To study the relationship between allosteric mutations and disease, the authors designed a pipeline to identify variants in allosteric sites among over 47 000 somatic missense mutations from 6958 pairwise tumor-normal matched pairs across 33 cancer types. They mapped 1990 predicted deleterious and 2461 known disease-causing variants on 74 allosteric structures and showed their enrichment at both allosteric and orthosteric sites, highlighting the potential role of allostery in disease pathology. The authors developed a statistical approach to predict cancer-associated allosteric genes, AlloDriver, using pan-cancer data. Known BRAF, HRAS, and AKT1, and four others, and unknown GCK and SERPINC1 cancer-associated proteins exhibited-enriched somatic missense mutations in their allosteric sites. Extending analysis to individual cancer types, they identify 20 known and 15 novel cancer proteins, suggesting allosteric dysregulation as an important factor influencing tumorigenesis. These results not only provide allosteric examples for further experimental investigation of fitness but can also help with developing novel targeted cancer therapies.

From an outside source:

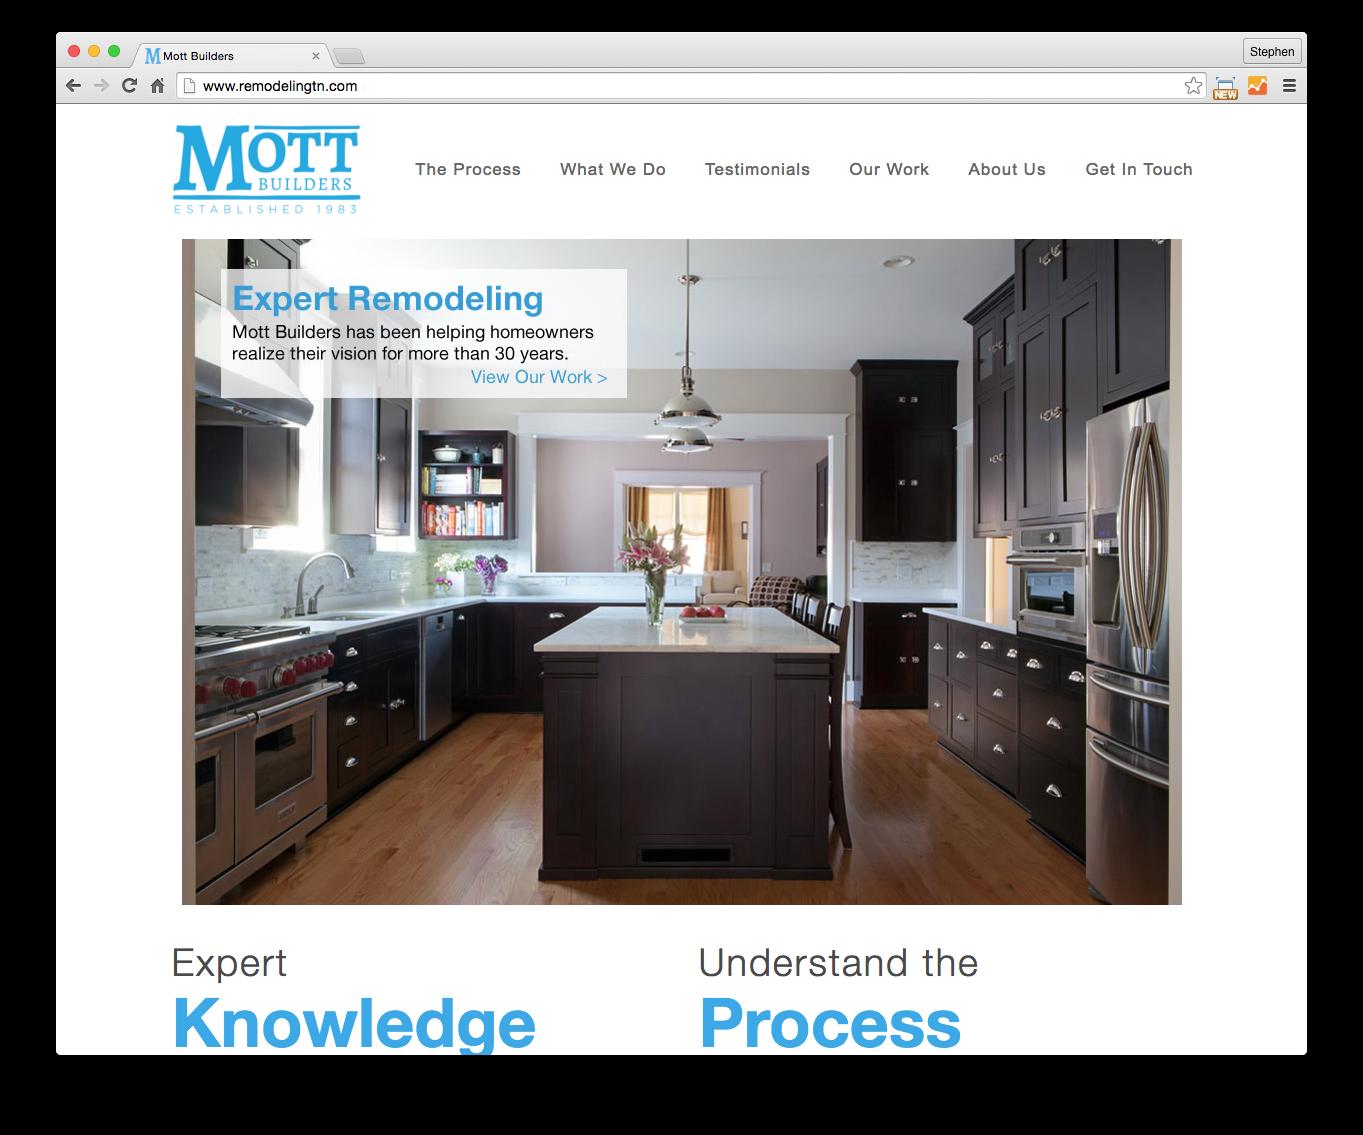 Mott Builders

Evolutionary selective pressure on allosteric sites is used for drug development

Selective pressures are factors that contribute to variant selection and adaptation within a population. Over time, evolution occurs as a result of these selective pressures. In relation to protein sequence, selective pressures provide the basis for conservation among homologs [51]. Allosteric sites tend to be less conserved than the active sites they regulate [26,52,53], which has increased the popularity of their use as drug targets [26,53,54]. Selective pressure is also expressed through rare variants in the population, and studying these can identify uncharacterized regulatory areas that can be exploited for drug development [54].

Agne et al. [55••] used rare variants to identify a putative allosteric site in Caspase-6 (Casp6) and developed inhibitors to target the site. Casp6 functions in cell-apoptosis and is activated by a unique self-cleavage of its L2 loop that stabilizes the substrate-binding pockets [56]. Casp6 is allosterically inhibited by phosphorylation at S257 that prevents the L2 loop from attaining an active conformation for self-cleavage [57,58]. Similarly, zinc binding at another allosteric site (via K36, E244 and H287) locks Casp6 in a non-canonical inactive conformation [59]. The authors investigated four rare natural variants in Casp6 that lead to missense mutations. Three of these (A34, E35 and A109) line up a well-defined pocket 30 Å from the catalytic site [55••,56]. In an active VEID-bound CASP6 dimer, the binding pocket is near a zinc binding site, a phosphorylation site from the adjacent subunit, and the L2 cleavage loops of both subunits (Figure 1a). Being unconserved and identified by a prediction tool as potentially druggable, the authors pursued in silico screening for allosteric inhibitors targeting the site (Figure 1b), which likely transmits a signal to the active site of the adjacent subunit through conformational change of L2, and disorder-to-order transition of the active site ‘loop bundle’ (Figure 1a and c).

Figure 1.

Figure 1

Casp6 allostery and activation.

(a) Casp6 dimer (PDB 3OD5; green and cyan chains) in active conformation with VEID (red sticks) bound in the active site. Loop2′ C-terminus (yellow tube) interacts with Loop2 N-terminus (dark cyan/green tube) and stabilizes the active site ‘loop bundle’ (blue cartoon). Allosteric phosphorylation (S257) and Zinc binding residues (K36, E244, and H287; orange spheres) are near two of the rare variant residues (A34E and E35K; magenta spheres) depicted in the green subunit. (b) Zoom of allosteric pocket (black ellipse) surface in active conformation formed by L2 loops, parts of allosteric sites, and variant residue (A109T; magenta). (c) Conformation change of Loop2 (yellow) and disordered active site ‘loop bundle’ in inactive zymogen (PDB 3NR2).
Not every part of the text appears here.